Dataset excerpts Block Start

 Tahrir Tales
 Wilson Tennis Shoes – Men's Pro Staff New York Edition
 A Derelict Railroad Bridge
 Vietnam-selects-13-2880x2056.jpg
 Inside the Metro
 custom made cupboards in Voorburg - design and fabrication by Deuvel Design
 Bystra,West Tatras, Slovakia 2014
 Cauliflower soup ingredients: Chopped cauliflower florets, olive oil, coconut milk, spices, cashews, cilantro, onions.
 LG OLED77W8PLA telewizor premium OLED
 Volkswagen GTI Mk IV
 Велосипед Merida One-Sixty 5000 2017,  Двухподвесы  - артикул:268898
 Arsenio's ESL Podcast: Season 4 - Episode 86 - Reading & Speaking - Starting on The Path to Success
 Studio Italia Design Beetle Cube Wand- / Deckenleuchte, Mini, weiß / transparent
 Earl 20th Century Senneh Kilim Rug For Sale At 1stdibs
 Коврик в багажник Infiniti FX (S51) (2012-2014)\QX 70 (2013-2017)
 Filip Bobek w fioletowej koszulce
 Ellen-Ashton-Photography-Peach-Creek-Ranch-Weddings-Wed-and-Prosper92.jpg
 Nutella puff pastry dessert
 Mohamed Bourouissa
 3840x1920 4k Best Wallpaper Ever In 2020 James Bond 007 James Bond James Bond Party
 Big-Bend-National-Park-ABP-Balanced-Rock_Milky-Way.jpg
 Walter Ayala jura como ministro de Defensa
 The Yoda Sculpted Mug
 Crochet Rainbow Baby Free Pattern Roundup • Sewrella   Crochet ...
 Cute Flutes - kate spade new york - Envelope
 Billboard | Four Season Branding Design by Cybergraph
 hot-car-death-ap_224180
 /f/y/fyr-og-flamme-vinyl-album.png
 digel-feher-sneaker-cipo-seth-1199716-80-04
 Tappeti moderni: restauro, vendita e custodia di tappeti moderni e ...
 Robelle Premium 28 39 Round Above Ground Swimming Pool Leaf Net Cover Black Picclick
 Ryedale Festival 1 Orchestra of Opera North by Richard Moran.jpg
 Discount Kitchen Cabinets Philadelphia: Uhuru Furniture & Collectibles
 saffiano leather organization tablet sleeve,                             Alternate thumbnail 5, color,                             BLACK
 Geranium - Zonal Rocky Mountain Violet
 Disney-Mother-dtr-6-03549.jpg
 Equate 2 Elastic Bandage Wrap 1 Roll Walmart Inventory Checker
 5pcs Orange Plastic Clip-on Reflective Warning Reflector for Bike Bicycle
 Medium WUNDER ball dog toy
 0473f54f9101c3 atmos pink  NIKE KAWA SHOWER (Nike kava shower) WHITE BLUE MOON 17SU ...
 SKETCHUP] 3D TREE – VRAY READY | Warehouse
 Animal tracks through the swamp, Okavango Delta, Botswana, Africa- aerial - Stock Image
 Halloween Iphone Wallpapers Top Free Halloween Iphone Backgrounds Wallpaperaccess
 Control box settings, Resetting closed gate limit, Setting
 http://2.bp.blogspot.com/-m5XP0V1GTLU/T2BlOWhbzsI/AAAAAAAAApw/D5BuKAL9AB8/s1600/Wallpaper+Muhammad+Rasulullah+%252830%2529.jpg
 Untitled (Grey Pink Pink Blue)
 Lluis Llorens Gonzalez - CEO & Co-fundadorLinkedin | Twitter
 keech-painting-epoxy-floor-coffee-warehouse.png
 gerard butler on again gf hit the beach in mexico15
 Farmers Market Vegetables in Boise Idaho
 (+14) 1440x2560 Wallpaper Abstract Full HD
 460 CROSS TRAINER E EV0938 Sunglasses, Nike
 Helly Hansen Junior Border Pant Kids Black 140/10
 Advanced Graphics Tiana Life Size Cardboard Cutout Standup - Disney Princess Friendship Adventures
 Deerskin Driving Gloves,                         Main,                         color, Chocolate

Dataset excerpts Block End

**Problem requirements**:
Write out word for word every line from the one containing "Robelle Premium 28" through the last line of the data, and no other line.

**Task output**:
 Robelle Premium 28 39 Round Above Ground Swimming Pool Leaf Net Cover Black Picclick
 Ryedale Festival 1 Orchestra of Opera North by Richard Moran.jpg
 Discount Kitchen Cabinets Philadelphia: Uhuru Furniture & Collectibles
 saffiano leather organization tablet sleeve,                             Alternate thumbnail 5, color,                             BLACK
 Geranium - Zonal Rocky Mountain Violet
 Disney-Mother-dtr-6-03549.jpg
 Equate 2 Elastic Bandage Wrap 1 Roll Walmart Inventory Checker
 5pcs Orange Plastic Clip-on Reflective Warning Reflector for Bike Bicycle
 Medium WUNDER ball dog toy
 0473f54f9101c3 atmos pink  NIKE KAWA SHOWER (Nike kava shower) WHITE BLUE MOON 17SU ...
 SKETCHUP] 3D TREE – VRAY READY | Warehouse
 Animal tracks through the swamp, Okavango Delta, Botswana, Africa- aerial - Stock Image
 Halloween Iphone Wallpapers Top Free Halloween Iphone Backgrounds Wallpaperaccess
 Control box settings, Resetting closed gate limit, Setting
 http://2.bp.blogspot.com/-m5XP0V1GTLU/T2BlOWhbzsI/AAAAAAAAApw/D5BuKAL9AB8/s1600/Wallpaper+Muhammad+Rasulullah+%252830%2529.jpg
 Untitled (Grey Pink Pink Blue)
 Lluis Llorens Gonzalez - CEO & Co-fundadorLinkedin | Twitter
 keech-painting-epoxy-floor-coffee-warehouse.png
 gerard butler on again gf hit the beach in mexico15
 Farmers Market Vegetables in Boise Idaho
 (+14) 1440x2560 Wallpaper Abstract Full HD
 460 CROSS TRAINER E EV0938 Sunglasses, Nike
 Helly Hansen Junior Border Pant Kids Black 140/10
 Advanced Graphics Tiana Life Size Cardboard Cutout Standup - Disney Princess Friendship Adventures
 Deerskin Driving Gloves,                         Main,                         color, Chocolate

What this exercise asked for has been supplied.